Christian H. Krupke,1,* Greg J. Hunt,1 Brian D. Eitzer,2 Gladys Andino,1 and Krispn Given1

*Abstract*

Populations of honey bees and other pollinators have declined worldwide in recent years. A variety of stressors have been implicated as potential causes, including agricultural pesticides. Neonicotinoid insecticides, which are widely used and highly toxic to honey bees, have been found in previous analyses of honey bee pollen and comb material. However, the routes of exposure have remained largely undefined. We used LC/MS-MS to analyze samples of honey bees, pollen stored in the hive and several potential exposure routes associated with plantings of neonicotinoid treated maize. Our results demonstrate that bees are exposed to these compounds and several other agricultural pesticides in several ways throughout the foraging period. During spring, extremely high levels of clothianidin and thiamethoxam were found in planter exhaust material produced during the planting of treated maize seed.
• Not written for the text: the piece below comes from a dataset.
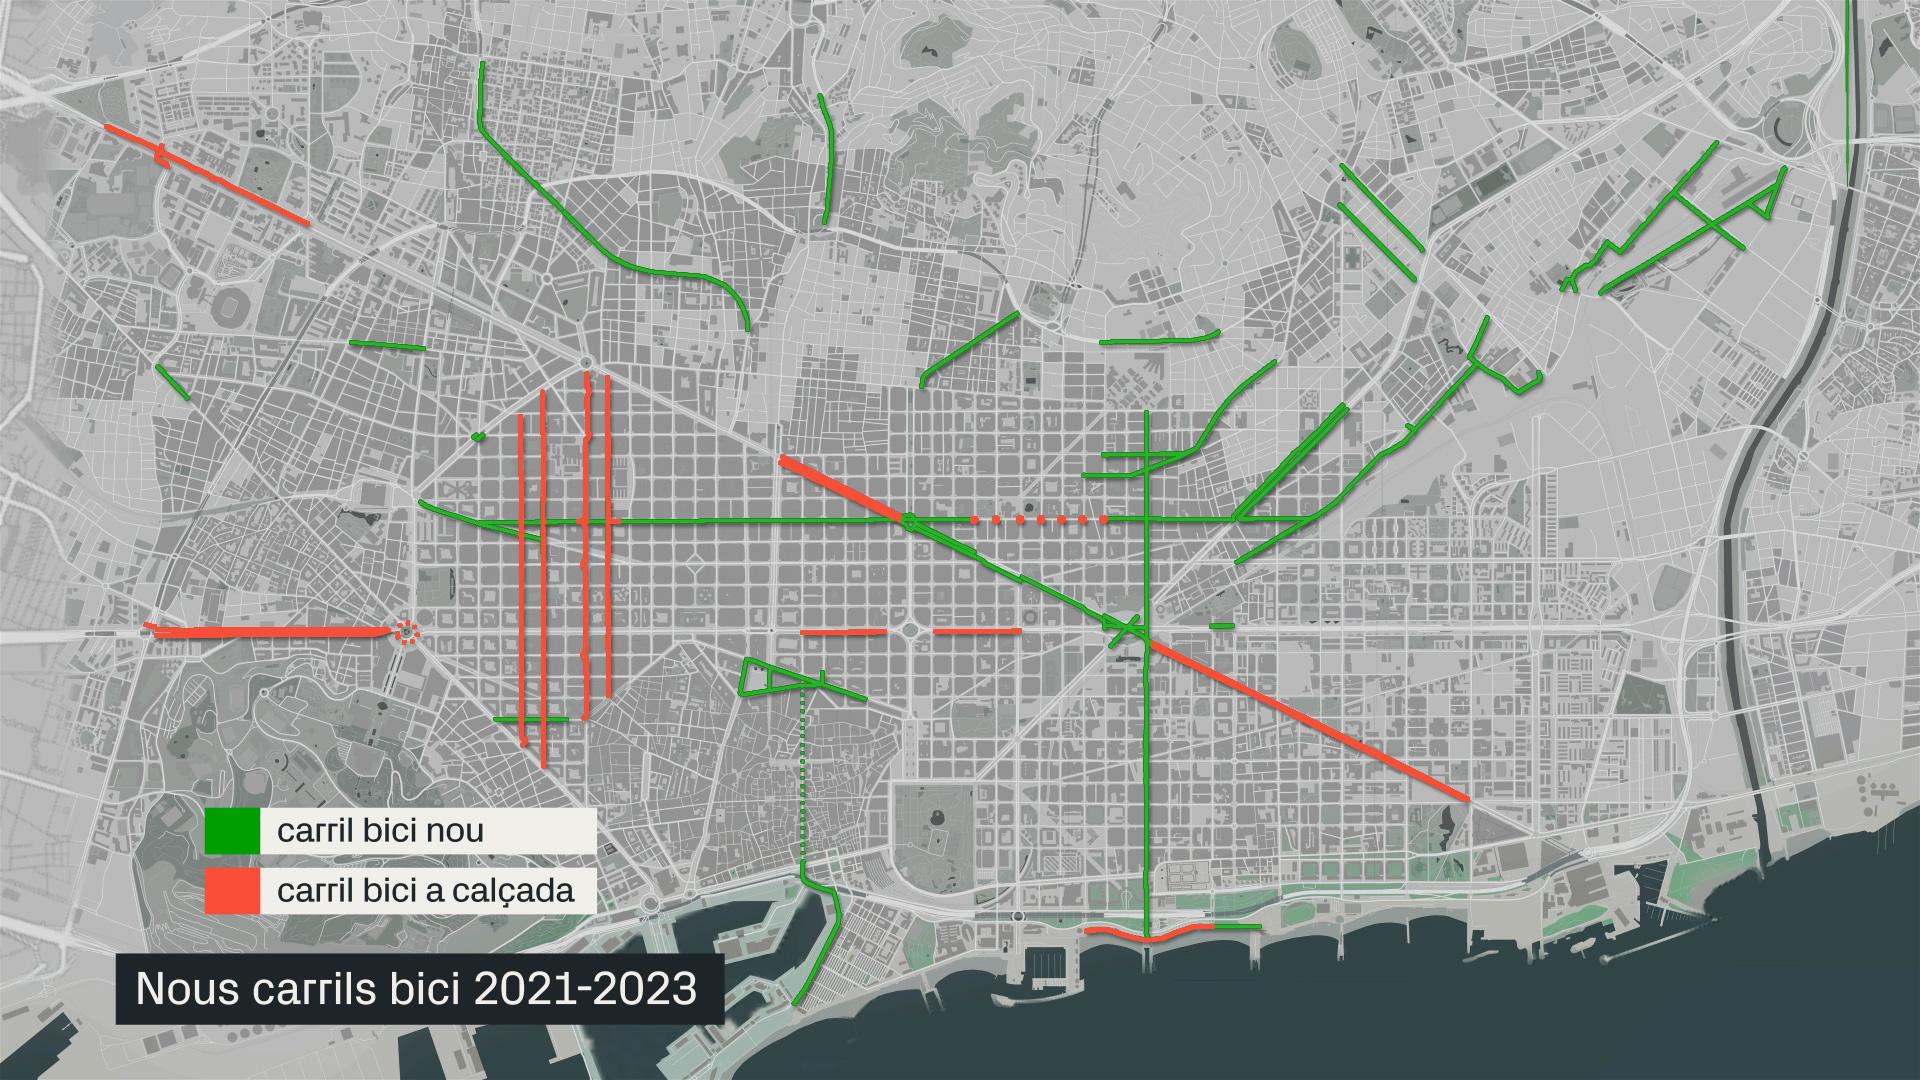 mapa nous carrils bici 2023

We also found neonicotinoids in the soil of each field we sampled, including unplanted fields. *Plants visited by foraging bees (dandelions) growing near these fields were found to contain neonicotinoids as well*. This indicates deposition of neonicotinoids on the flowers, uptake by the root system, or both. Dead bees collected near hive entrances during the spring sampling period were found to contain clothianidin as well, although whether exposure was oral (consuming pollen) or by contact (soil/planter dust) is unclear. *We also detected the insecticide clothianidin in pollen collected by bees and stored in the hive*. When maize plants in our field reached anthesis, maize pollen from treated seed was found to contain clothianidin and other pesticides; and *honey bees in our study readily collected maize pollen*. These findings clarify some of the mechanisms by which honey bees may be exposed to agricultural pesticides throughout the growing season. These results have implications for a wide range of large-scale annual cropping systems that utilize neonicotinoid seed treatments.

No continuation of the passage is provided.